Optimization 3: Triton Kernels
Writing Triton kernels from scratch is tedious. Claude helped here too - I’d describe what I wanted (“fused weight update with momentum and decay”) and it would generate the kernel, explain the memory access patterns, and suggest block sizes.
Custom Triton kernels for hot paths:
- Fused weight update: Combines momentum, learning rate, and weight decay in one kernel
- Cross-entropy forward: Numerically stable log-softmax + NLL
- LayerNorm: Fused mean/variance computation
- Linear + SiLU: Fused matmul with activation
The Triton kernels avoid memory round-trips that kill performance on GPU. When one kernel had a bug (wrong reduction dimension), Claude could trace through the indexing math and spot the issue faster than I could.

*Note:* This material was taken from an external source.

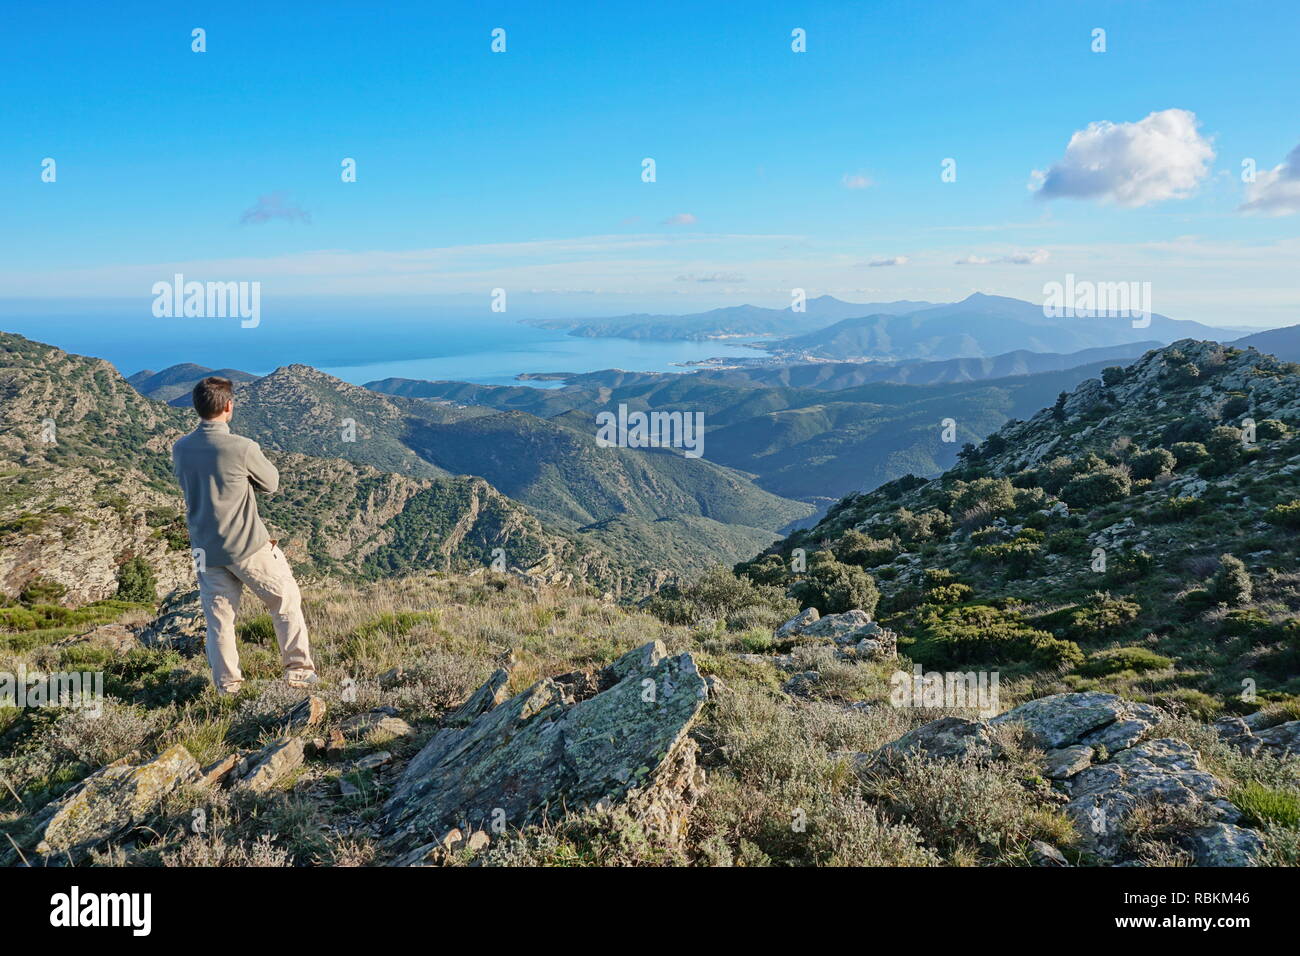 Paysage de l'Espagne un homme debout à la vue de l'Albera à montagne avec la mer Méditerranée et le Cap de Creus en arrière-plan, Pyrénées, Catalogne Banque D'Images

Optimization 4: FlexAttention
PyTorch’s flex_attention with prefix-LM masking. Memory context and persistent memory tokens can attend to each other bidirectionally, while input tokens attend causally. This matches the MAC (Memory as Context) architecture from the paper.
Results
On Kaggle T4x2 (31M model):
| Metric | Value |
|---|---|
| Parameters | 31M |
| Context length | 1024 |
| Segment length | 128 |
| Batch size | 8 |
| VRAM usage | ~12GB per GPU |
| Training throughput | ~8k tokens/sec |
The T4 setup was good for validation and debugging. I could iterate quickly on the algorithm implementation without waiting for expensive GPU time.
On L4 (130M model):
| Metric | Value |
|---|---|
| Parameters | 130M |
| Context length | 1024 |
| Segment length | 128 |
| Memory MLP size | 768 → 512 → 768 |
| Batch size | 8 |
| VRAM usage | ~18GB |
| Training throughput | ~12k tokens/sec |
The memory system shows the expected behavior:
- Surprise decreases over time as the model learns what to expect
- Memory updates are larger for rare tokens
- Long-range dependencies improve compared to baseline GPT
Lessons Learned
-
Read the paper twice: The first pass gives intuition, the second reveals implementation details hiding in subscripts and footnotes.
-
Test at the algorithm level: Don’t just test “does it run” - test “does momentum accumulate correctly across segments”. These tests caught real bugs.
-
Profile before optimizing: My intuition about bottlenecks was often wrong. The
torch.catoverhead surprised me - it looked innocent but was 10ms per forward pass. -
Memory vs compute tradeoffs: The fused cross-entropy adds ~10ms of compute overhead but saves 1.4GB of memory. Worth it for larger models, not for small ones.
-
Triton is worth learning: Writing custom kernels for hot paths gives 2-10x speedups. The learning curve is steep but pays off.
-
Start cheap, scale up: Kaggle’s free T4x2 was perfect for algorithm validation. Once the implementation was correct, I moved to L4 for scaling experiments. Don’t pay for expensive GPUs while debugging.
-
AI pair programming works for optimization: Claude Code was genuinely useful for the profiling loop. It can parse profiler output, knows common CUDA/Triton patterns, and can research how other projects solved similar problems. The iteration speed was noticeably faster than solo debugging.
What’s Next
- Scaling experiments: How does memory capacity need to grow with model size?
- Longer sequences: Testing on 32K+ contexts where the memory advantage should be most apparent
- Different architectures: The paper proposes MAC, MAG, and MAL variants - currently only MAC is implemented
Code is at github.com/XiaoConstantine/nanogpt-titans.